Postby giftfish » 06 Jan 2015, 19:14

Incoming research post.

First, a quick intro for context. I think most folks around here know that one goal for ThaneMOD has always been to get a romance scene in for Thane. After some research, we decided we wanted to try for Kaidan's pre-dream sequence combined with Garrus' post-dream sequence. And, after more than a few months of work, JohnP has made it happen. Files are even custom-named/loaded for Thane, which means no overwriting. Wewt. But, now we need to actually edit the scene content--primarily the dialogue--which is where this post comes in. For now, we'll focus on the pre-dream portion sourced from Kaidan.

Parent Files
  • BioD_Nor_132RomKaidan.pcc
  • BioD_Nor_132RomKaidan_LOC_INT.pcc
  • BioD_CitHub_HospitalP3.pcc (contains Thane's model)

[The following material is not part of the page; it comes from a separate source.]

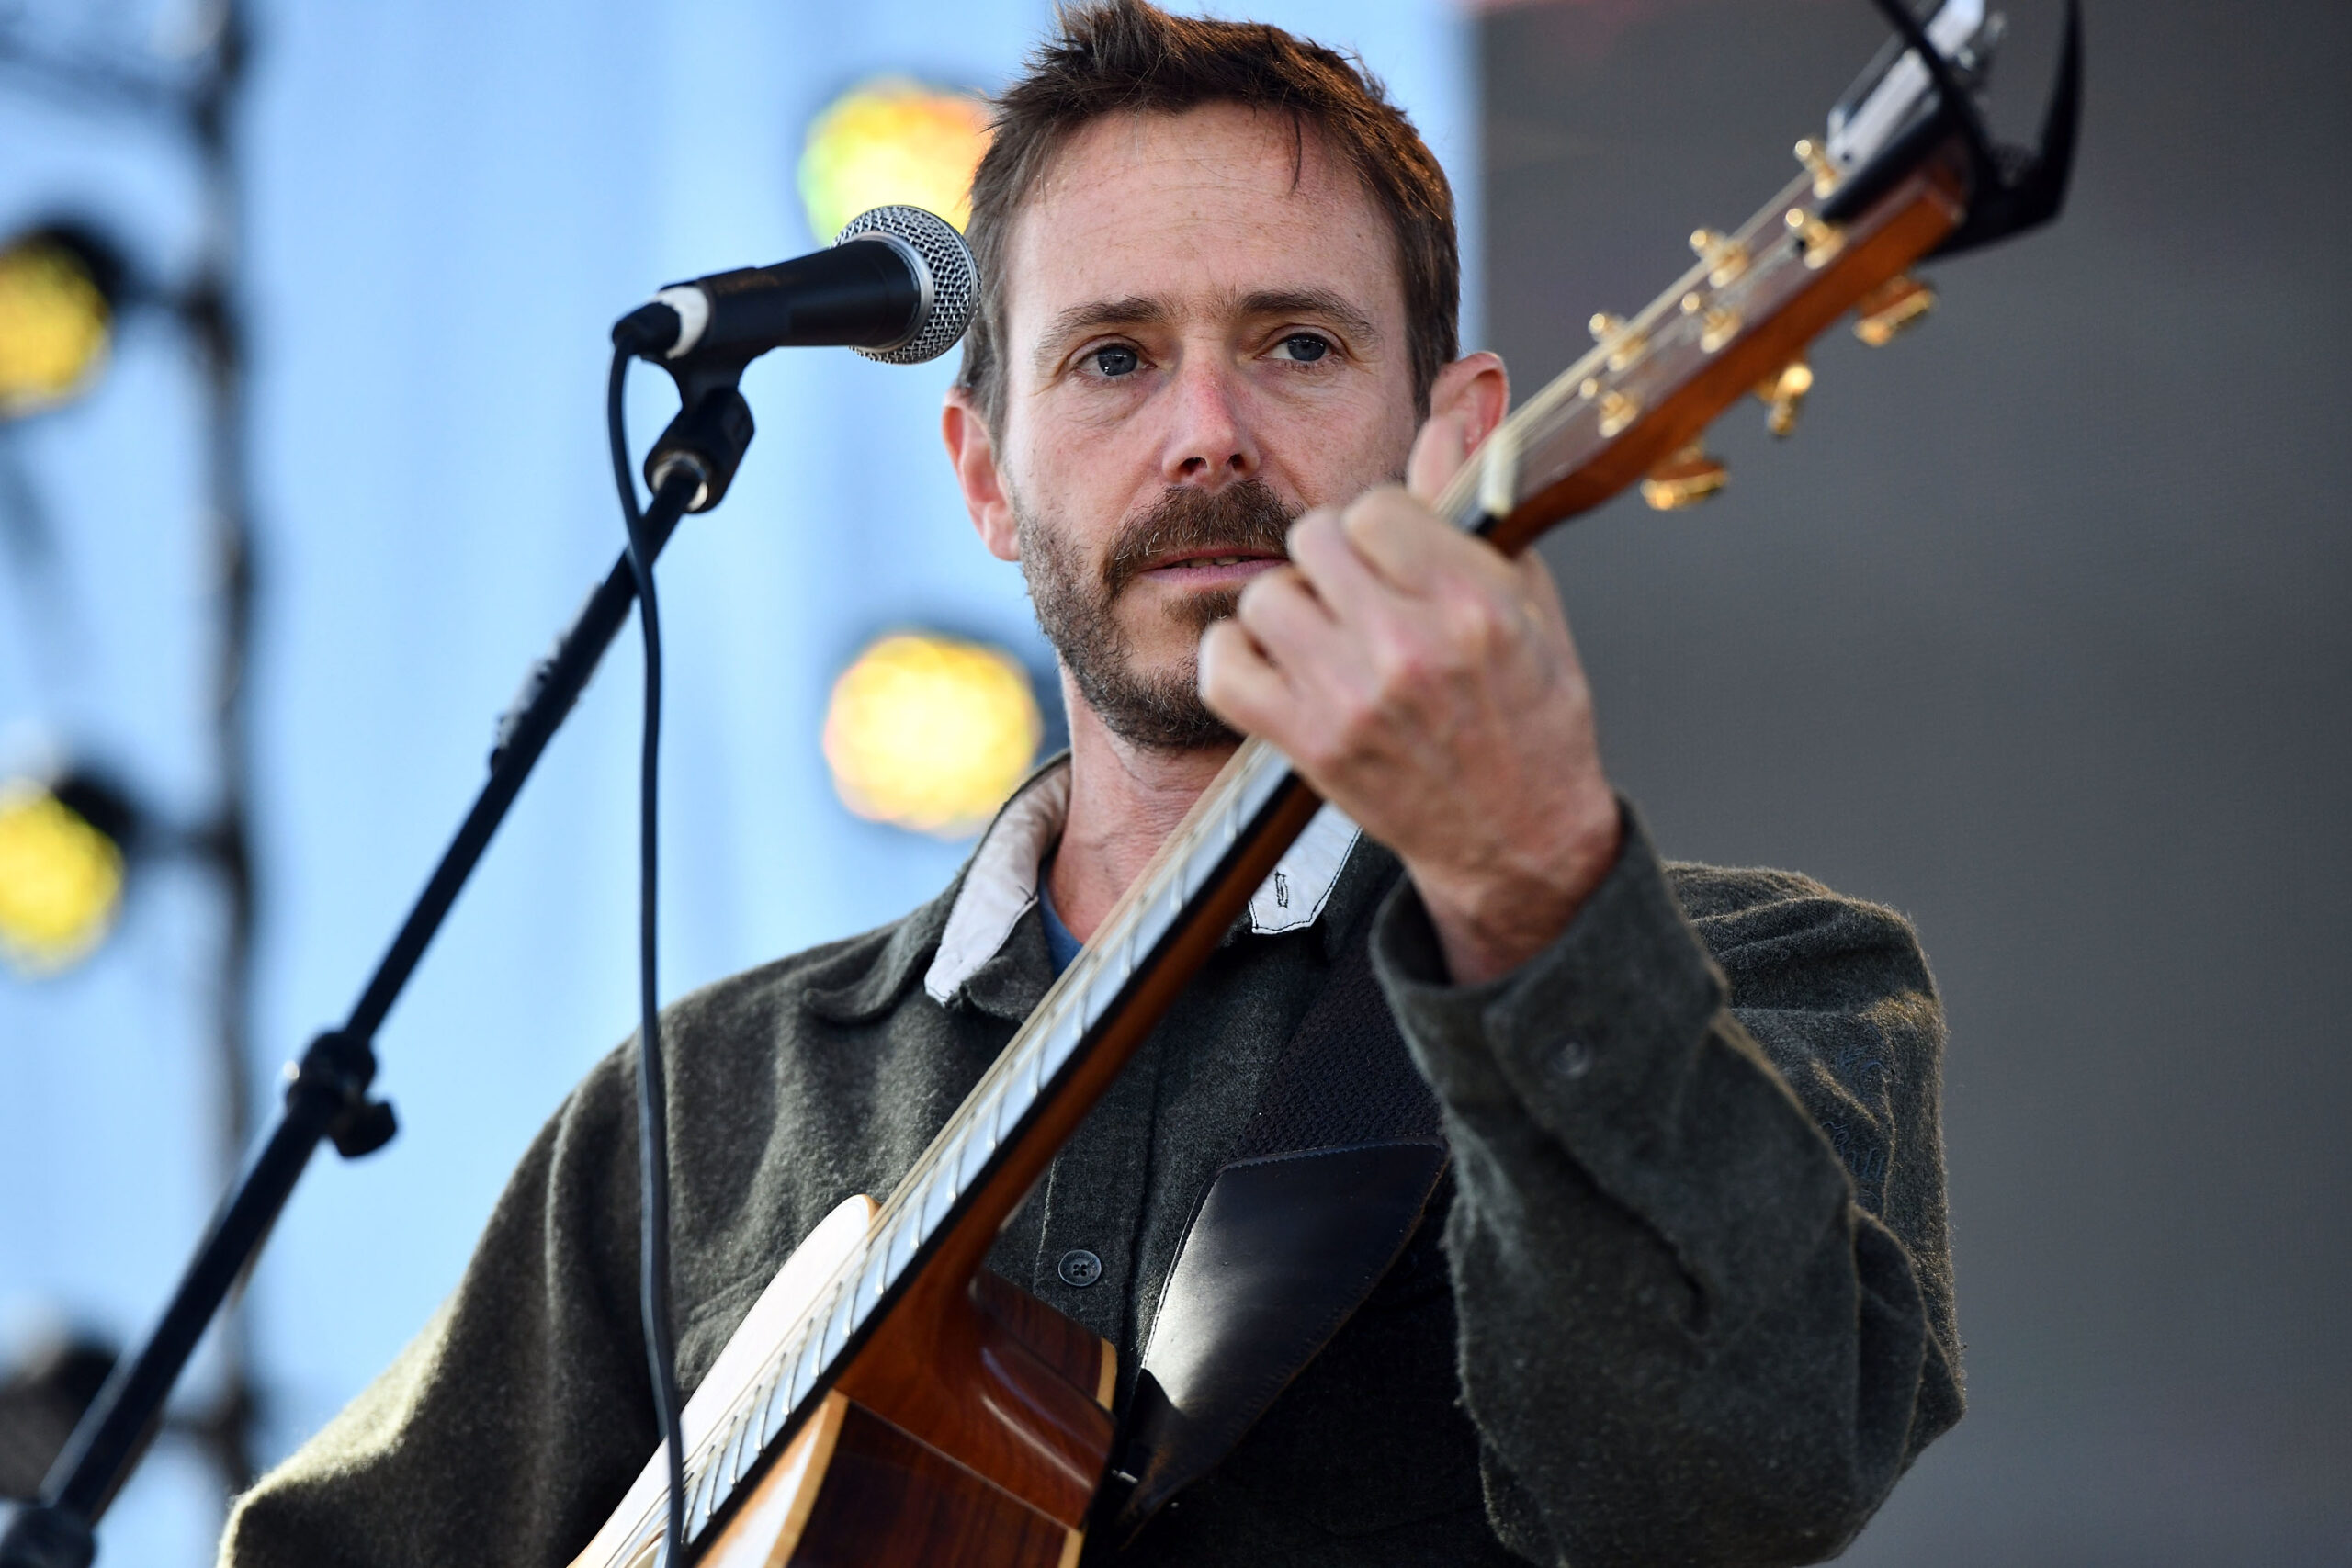 5 Albums I Can’t Live Without: Glen Phillips of Toad the Wet Sprocket

So, the big, big wrinkle is that all the romance scenes aren't normal dialogues. A normal dialogue in a sequence map looks like this:
Spoiler:
Image
Image

Simple and pretty, lol. Normal dialogues can be edited with the Dialogue Editor. While it doesn't give you control over the ENTIRE scene, it gives you control of a lot. What lines are spoken and when, FaceFX used, conditionals, and a certain amount of control over model position and camera angles (via ExportID). Normal dialogues are also subject to the "TLK trick." Lines can be easily skipped by deleting the string data.

But, as I said, romance scenes are not normal dialogues. They are Animcutscenes. Animcutscenes look like this in the sequence map:
Spoiler:
Image
Image
Image

I know, right? My reaction was something along the lines of "Omfg what the holy hell is all that?".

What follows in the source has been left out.